Rwnsprfoctarhulpfp22cdac

Also know as "efilnikcufecin"


----------



## jocker12 (May 11, 2017)

OC-Moe said:


> it's too long but I tried


I know, not your fault.

Wonder how that idiotic 'cultivated troll army' would react when exposed by an established mainstream media outlet.


----------



## Fusion_LUser (Jan 3, 2020)

I never talk politics with pax even when they try to include me. However with Prop 22 I have been asking them to vote yes. Most agreed a few didn't know much about it and will probably vote yes and for a couple of AB5 "know-it-alls" that knew nothing about the bill did concede the ants they spoke with hate the bill and accept the ants don't want it and will probably vote yes as well.

AB5 is not going to help the "victims" who need Big Daddy Government to take care of them. They may think making minimum wage is better because they think it will be the full minimum wage and completely ignore how there will be deductions.


----------



## tohunt4me (Nov 23, 2015)

jocker12 said:


> I know, not your fault.
> 
> Wonder how that idiotic 'cultivated troll army' would react when exposed by an established mainstream media outlet.


Have you WATCHED " MAINSTREAM" LATELY ?

THEY ARE THE MASTERS OF TROLLING.


----------



## Cereal Killer (Aug 10, 2020)

OC-Moe said:


> https://www.businessinsider.com/ube...errer=https://www.google.com&amp_tf=From %1$s


Who's your source? Trump?


----------



## jocker12 (May 11, 2017)

tohunt4me said:


> Have you WATCHED " MAINSTREAM" LATELY ?
> 
> THEY ARE THE MASTERS OF TROLLING.


I know what you are referring to, but one needs to make a fundamental distinction - rideshare is not part of any corporate conglomerate that allows sister mainstream media outlets to intentionally omit information or intentionally misinform and misdirect the public.

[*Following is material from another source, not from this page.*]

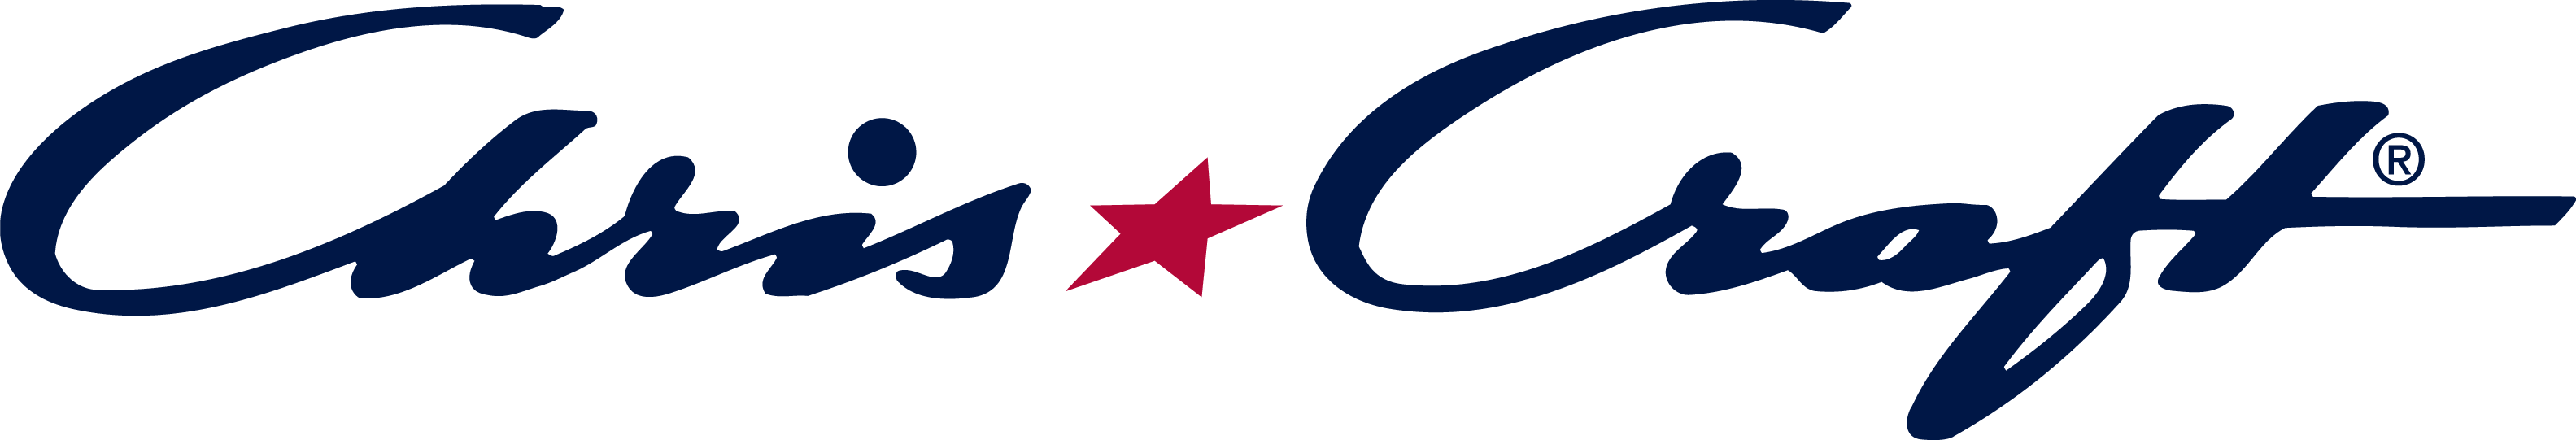 Chris-Craft brand logo
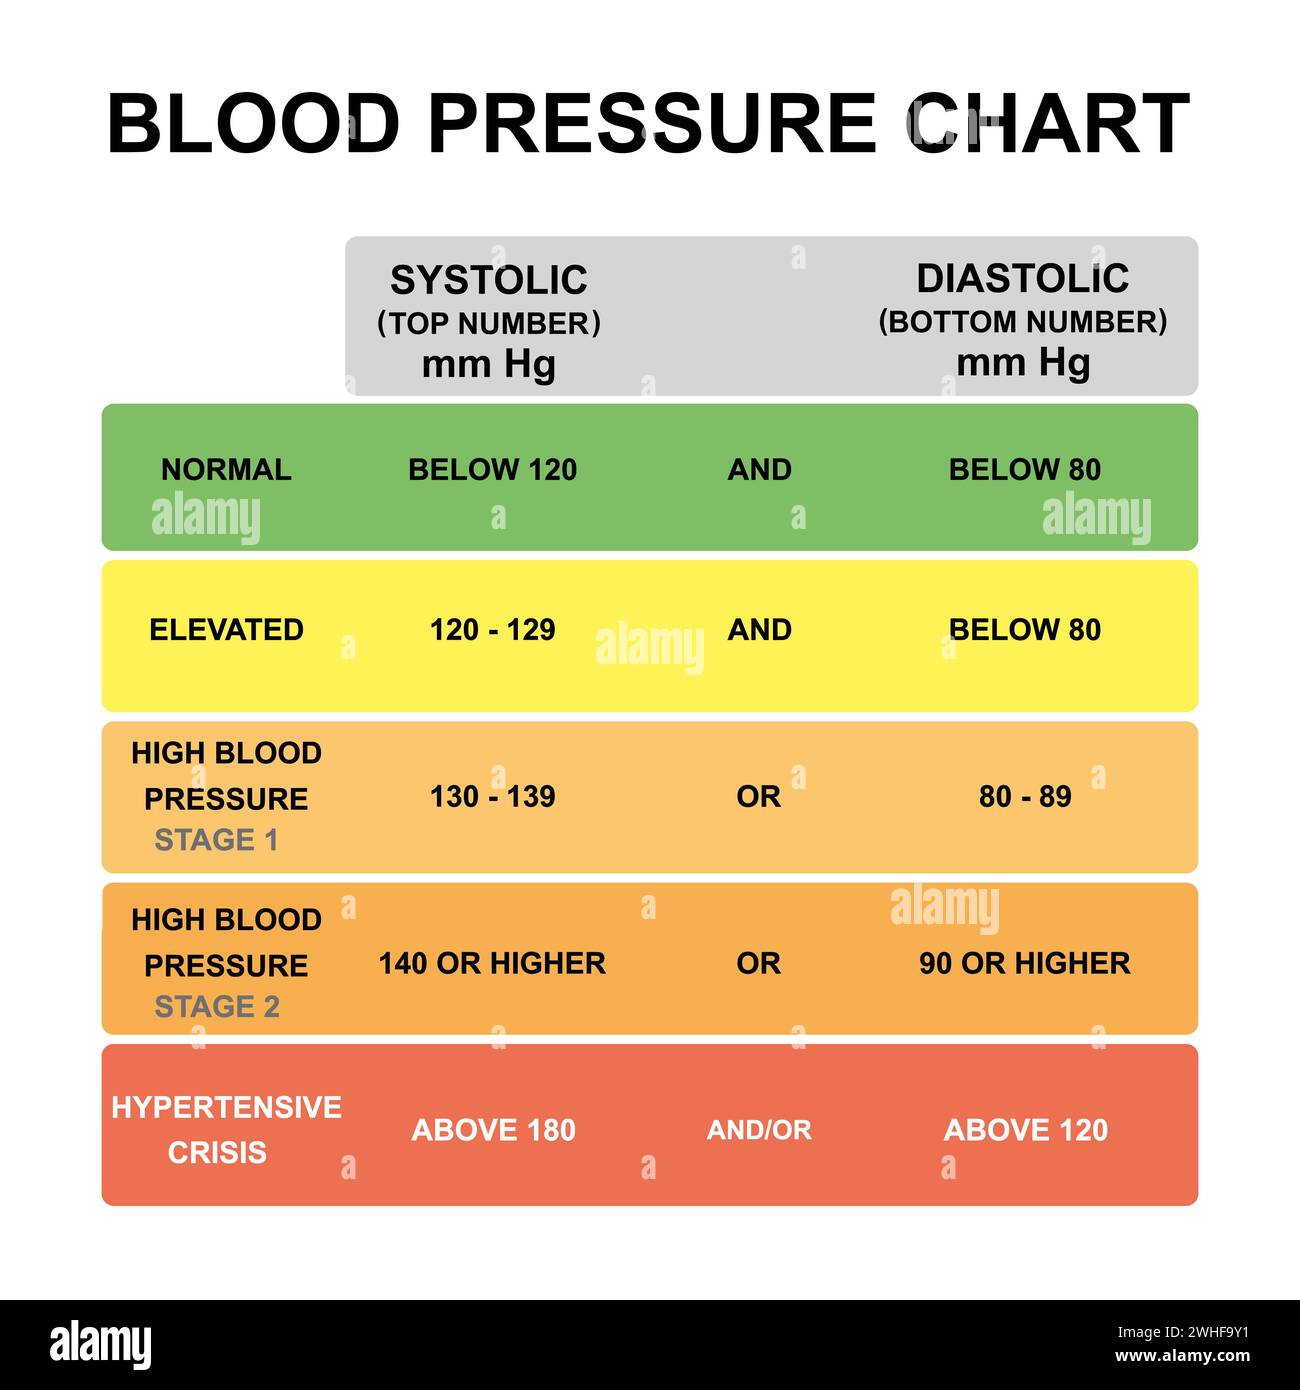 Blood pressure chart, illustration Stock Photo

This election year makes all this rideshare issue quite unique with big unprofitable corporations fighting to continue to abuse, versus the divided electing public - one part delusional about the "great American capitalism" that (in this case) is exploiting workers and partners, and the other part suffering the exploitation.

The rideshare trolling you are referring to is framed in the title of the posted article - "Right-wing news sites" where some of them could be easily labeled "mainstream". Surprisingly, even Bloomberg could sometimes be considered very close to right-wing, and having Bloomberg exposing the troll army supporting few corporations battle against their small hard working partners, to me, ads to the trouble.


----------



## goneubering (Aug 17, 2017)

jocker12 said:


> I know what you are referring to, but one needs to make a fundamental distinction - rideshare is not part of any corporate conglomerate that allows sister mainstream media outlets to intentionally omit information or intentionally misinform and misdirect the public.
> 
> This election year makes all this rideshare issue quite unique with big unprofitable corporations fighting to continue to abuse, versus the divided electing public - one part delusional about the "great American capitalism" that (in this case) is exploiting workers and partners, and the other part suffering the exploitation.
> 
> The rideshare trolling you are referring to is framed in the title of the posted article - "Right-wing news sites" where some of them could be easily labeled "mainstream". Surprisingly, even Bloomberg could sometimes be considered very close to right-wing, and having Bloomberg exposing the troll army supporting few corporations battle against their small hard working partners, to me, ads to the trouble.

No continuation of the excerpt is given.